Terror plot violated profession, religion

The Baltimore Sun

CHICAGO -- The enormity of what happened in London and Glasgow, Scotland, dawned upon me slowly. First there were the two high-end cars filled with explosive materials, parked in the middle of London, that mercifully did not explode. Next, the bizarre report of two people in a burning SUV trying to crash into the main terminal of the Glasgow airport, filled with travelers. Again, fortunately, no one, except the driver, was hurt. Next came the utterly devastating news that one of the people in the SUV was a doctor and both were Muslims. The passenger, Bilal Abdulla, was born in Britain but went to medical school in Iraq. Five other doctors or medical students and one spouse of a physician are being held.

How could those trained in the healing arts plan and carry out such an atrocity? Physicians see illness and pain often and witness the anguish of families at the finality of death. They are programmed to save lives. They take an oath to do so.

Similarly, a correct understanding of Islam should have been a deterrent. Even those who have a cursory knowledge of Islam would have heard the verse, "If you save one life, it is as if you have saved all mankind." This is a universal value shared by all faiths and traditions.

Dr. Abdulla had lived in the violence-filled crucible of Baghdad and may have been filled with hate toward Britain because of the Iraq war. News reports also mention that he may have been influenced by the rhetoric of a radical cleric in Iraq. This cleric would heap praise on suicide bombers and preach that this is a justifiable form of defense.
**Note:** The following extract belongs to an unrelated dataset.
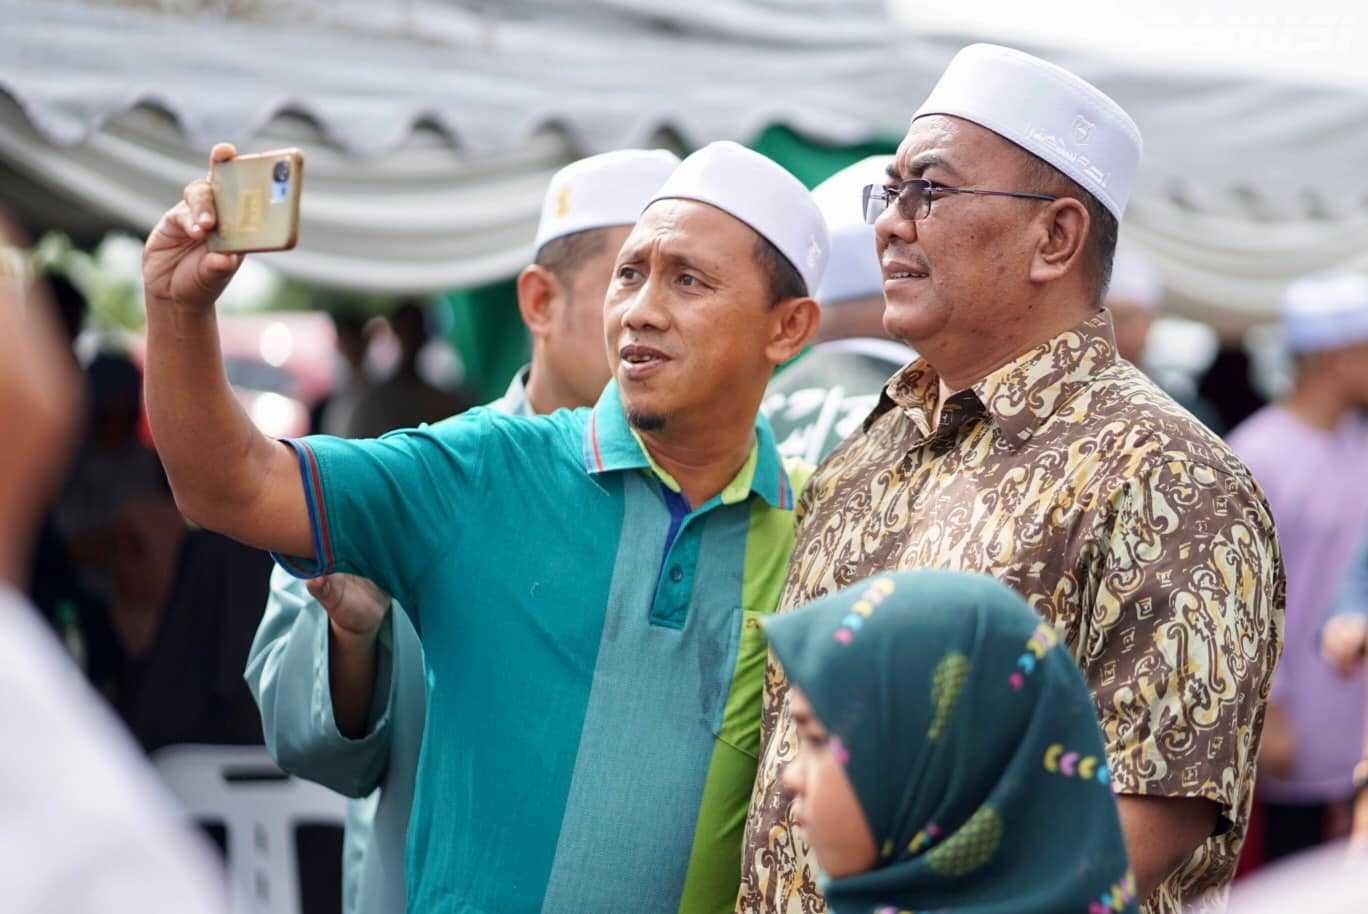 Kedah Menteri Besar Muhammad Sanusi Md Nor poses for a selfie with a guest at an open house in April. Photo: Facebook

Such clerics pick and choose verses from the Quran to support their rhetoric. Most Islamic scholars have called this a lethal misinterpretation of the verses. Nevertheless, this tiny but loud fraction of clerics appears to be most influential among young Muslims. But killing innocent civilians is never warranted.
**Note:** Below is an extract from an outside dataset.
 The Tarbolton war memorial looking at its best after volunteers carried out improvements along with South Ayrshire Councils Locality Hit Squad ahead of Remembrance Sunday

It is tempting to disown them, and others who may yet be indicted in the plot, by proclaiming they are not real Muslims. But that would be a cop-out; they read the same scripture and listen to the same prophetic traditions as I and all Muslims do. But they appear to have unpacked a radically different meaning from them.

Suicide bombing has gained a cult status among some groups. The Tamil Tigers, a Hindu faction fighting the Buddhist majority of Sri Lanka, have a hero status among some Tamils. This is similar to the status of suicide bombers among some Muslims in Palestine and now in Iraq. Those who practice or sanction suicide bombing consider it a form of martyrdom. But suicide by any name is still suicide and is explicitly prohibited in Islam. Injunctions of the Quran and traditions of the Prophet Muhammad prohibit it in unequivocal terms. Similarly, killing of innocents is expressly prohibited. It is not collateral damage but callous murder.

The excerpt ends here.